Among the lines below, the one containing "Bearded superheroes by Vanja Mrgan" opens the range and the one containing "Les fragilités de" closes it. Print that range exactly, without the pictures.

_DATA RECORDS_
........
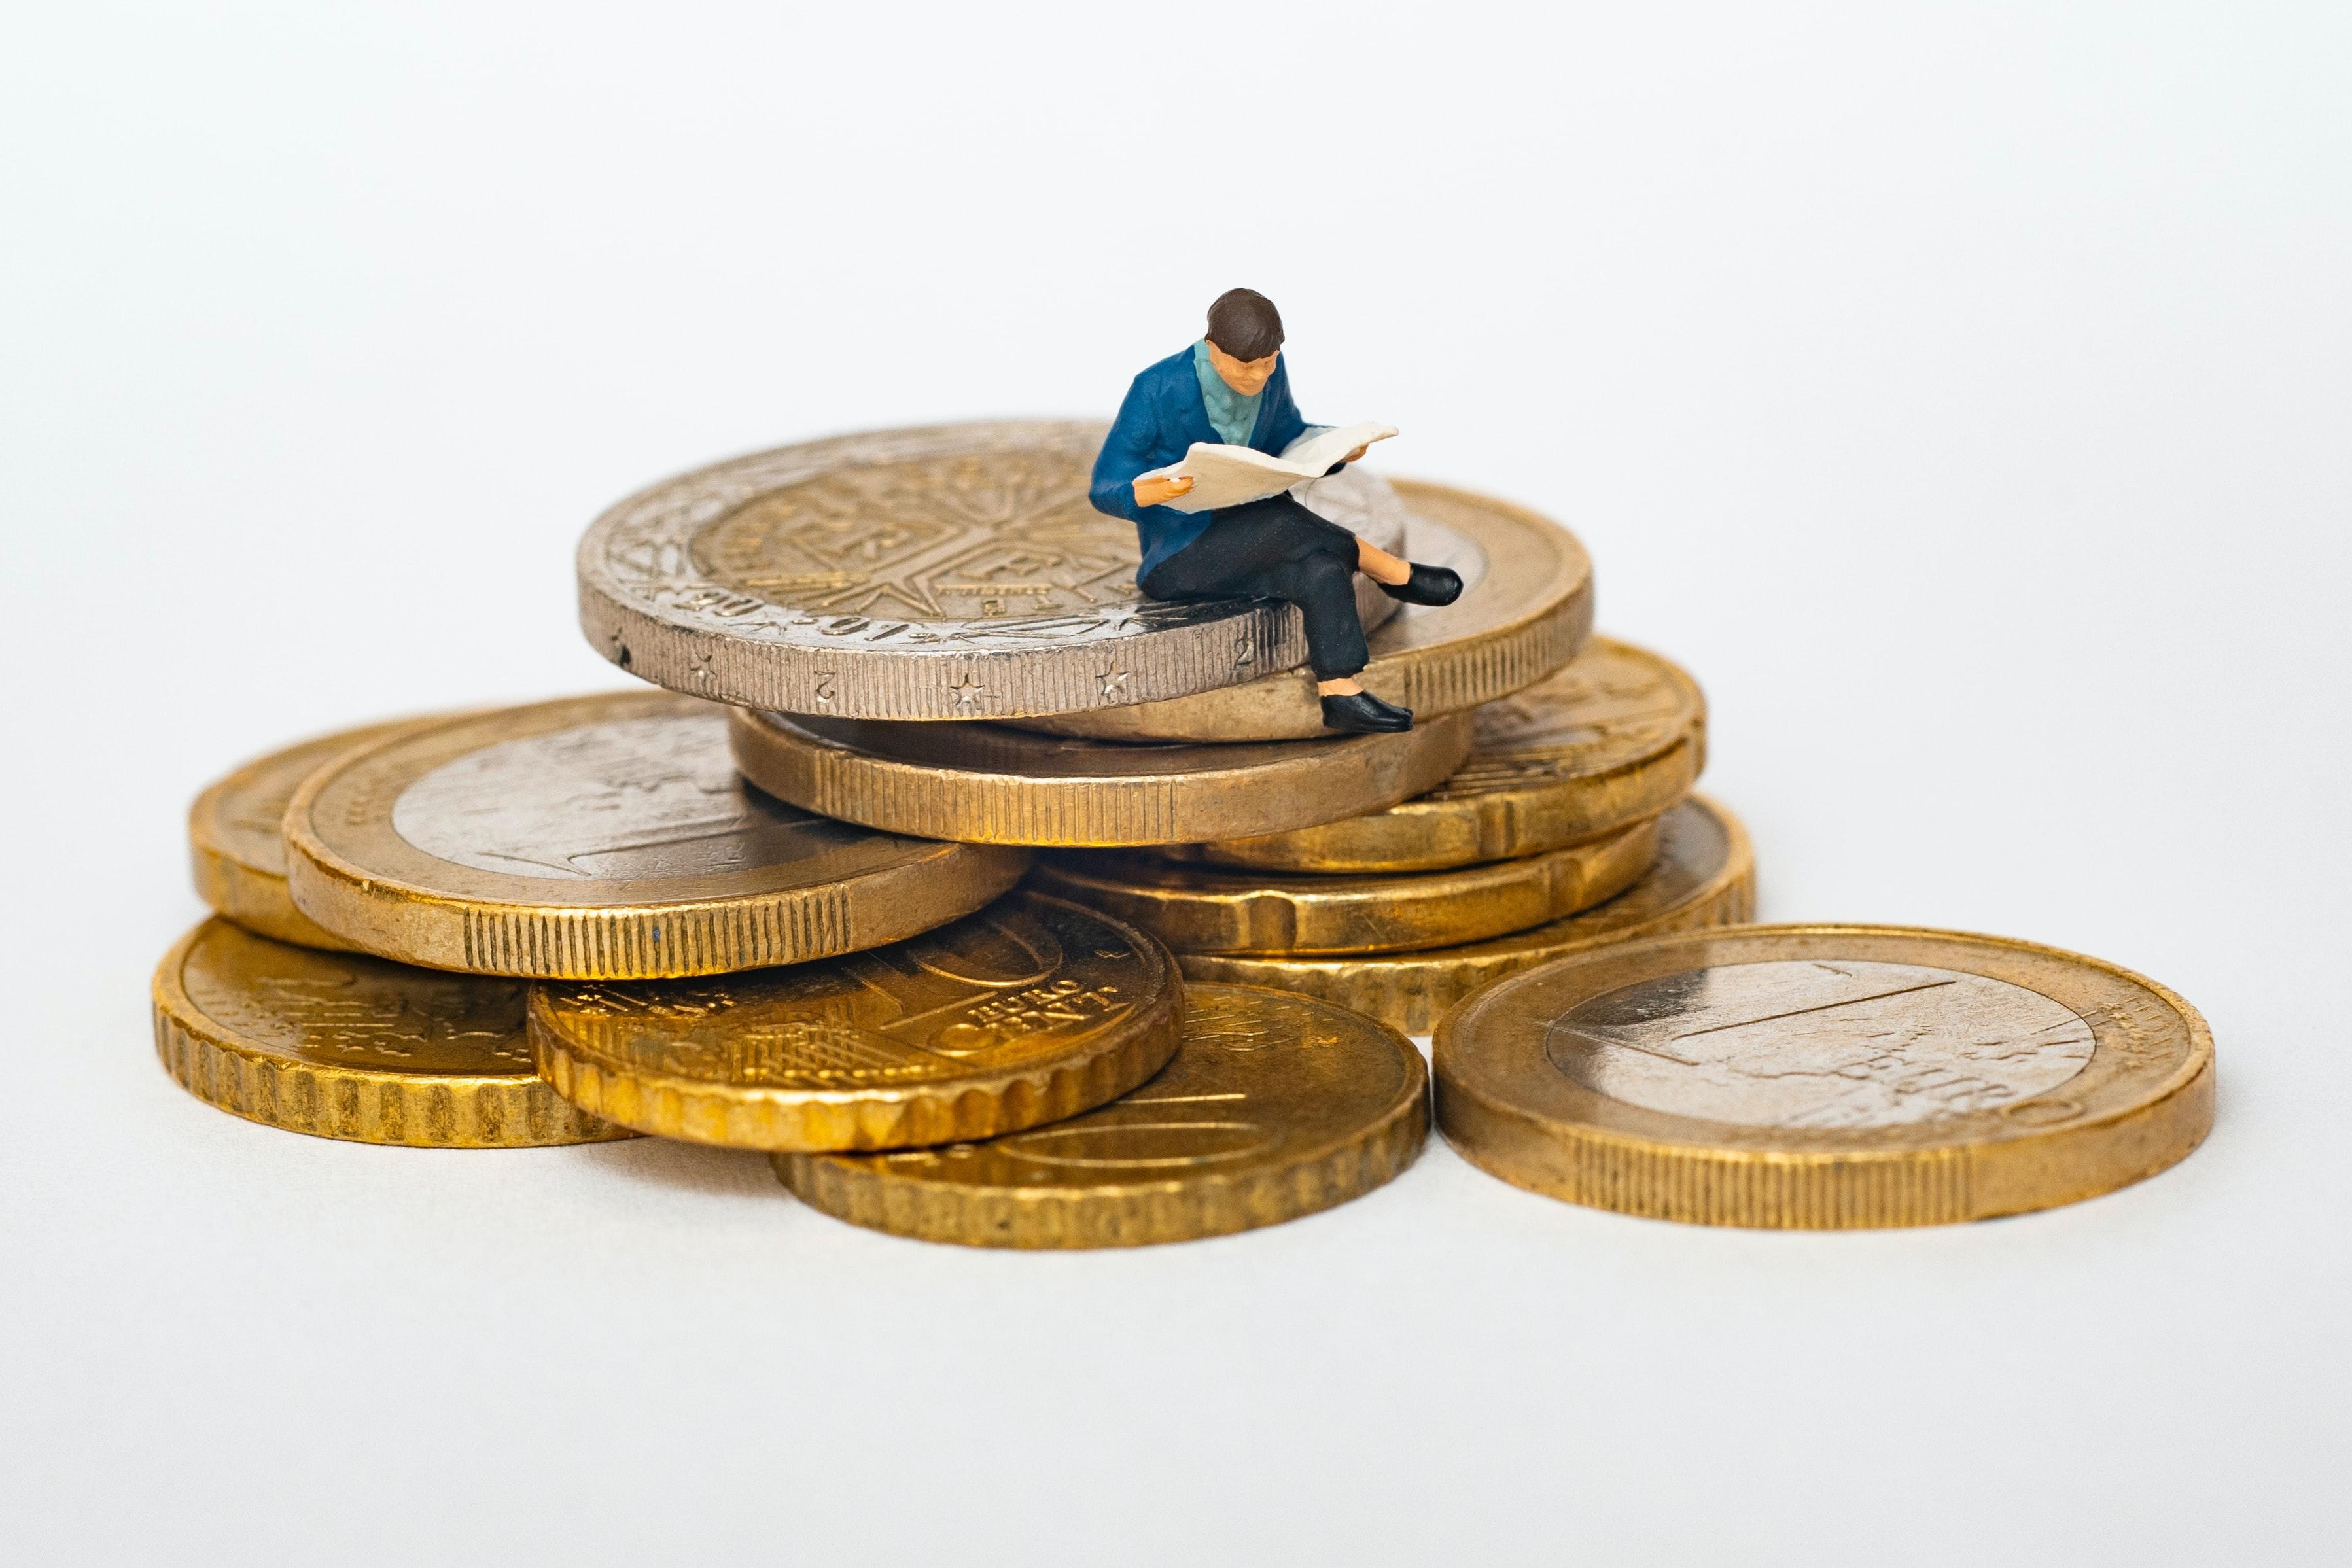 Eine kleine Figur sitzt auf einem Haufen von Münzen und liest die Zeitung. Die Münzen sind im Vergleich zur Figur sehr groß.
........
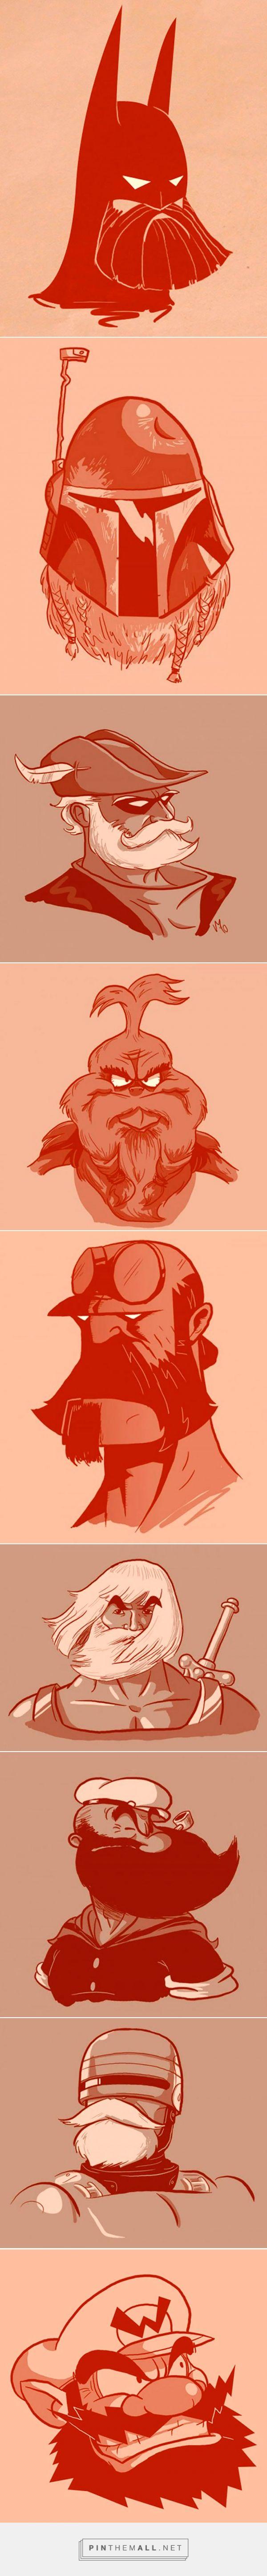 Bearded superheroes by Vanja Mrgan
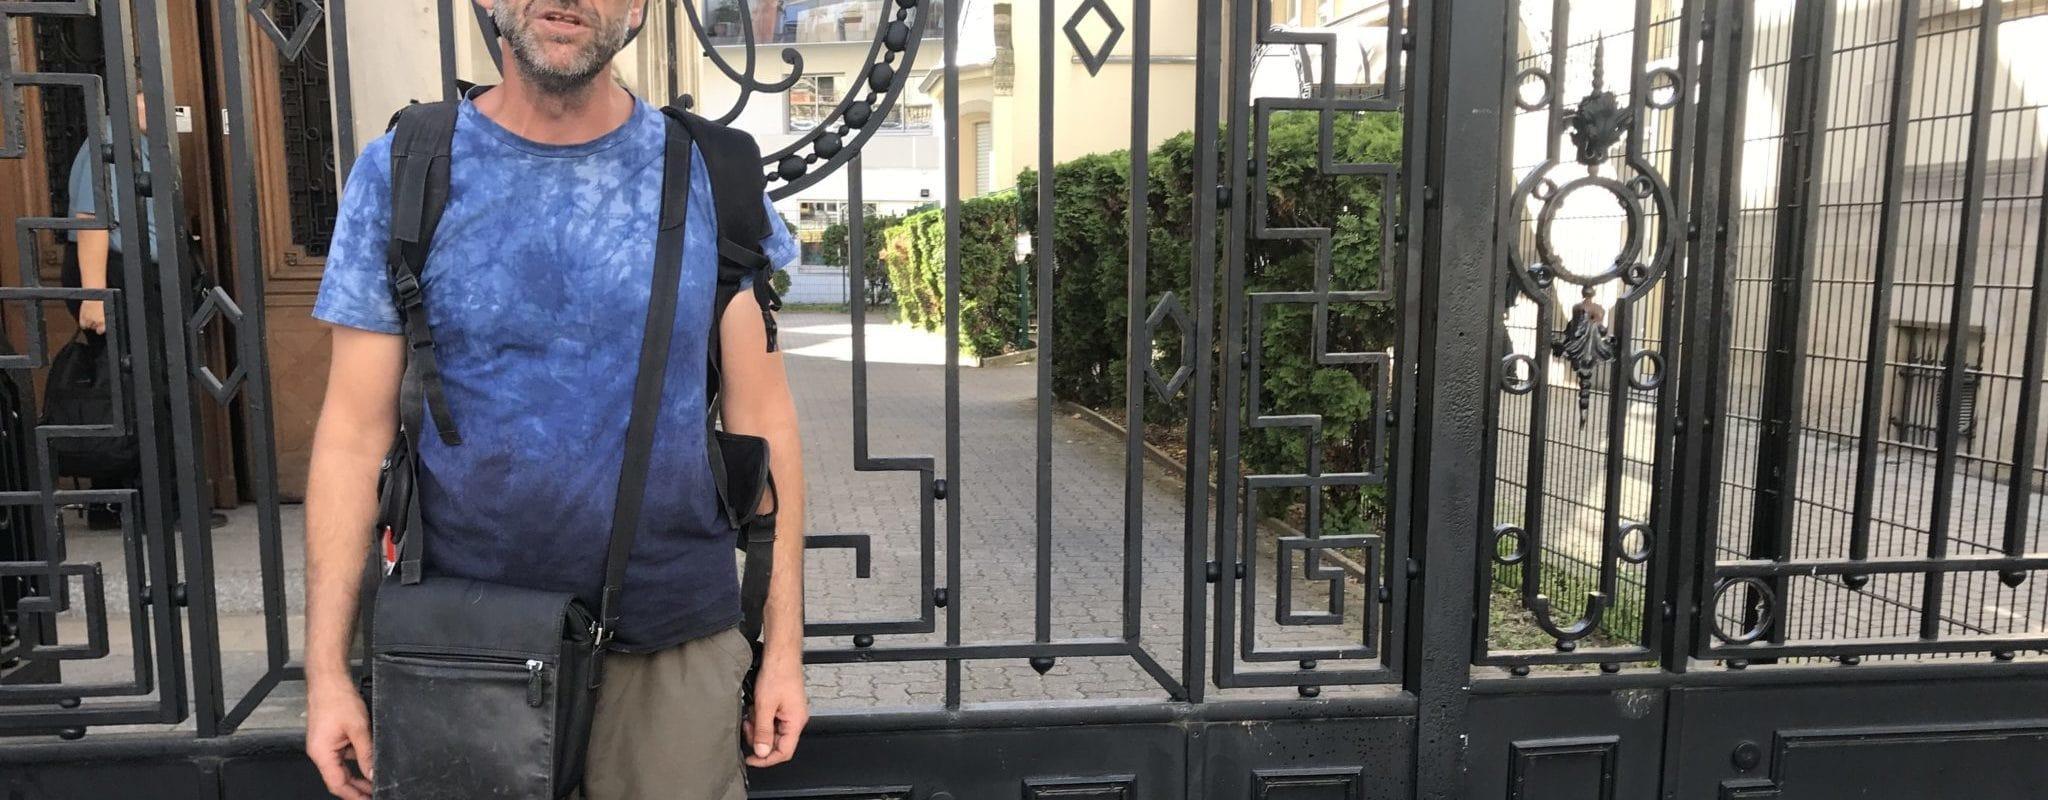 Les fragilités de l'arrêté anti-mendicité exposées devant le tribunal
........
_EXPECTED ANSWER_
 Bearded superheroes by Vanja Mrgan
 Les fragilités de l'arrêté anti-mendicité exposées devant le tribunal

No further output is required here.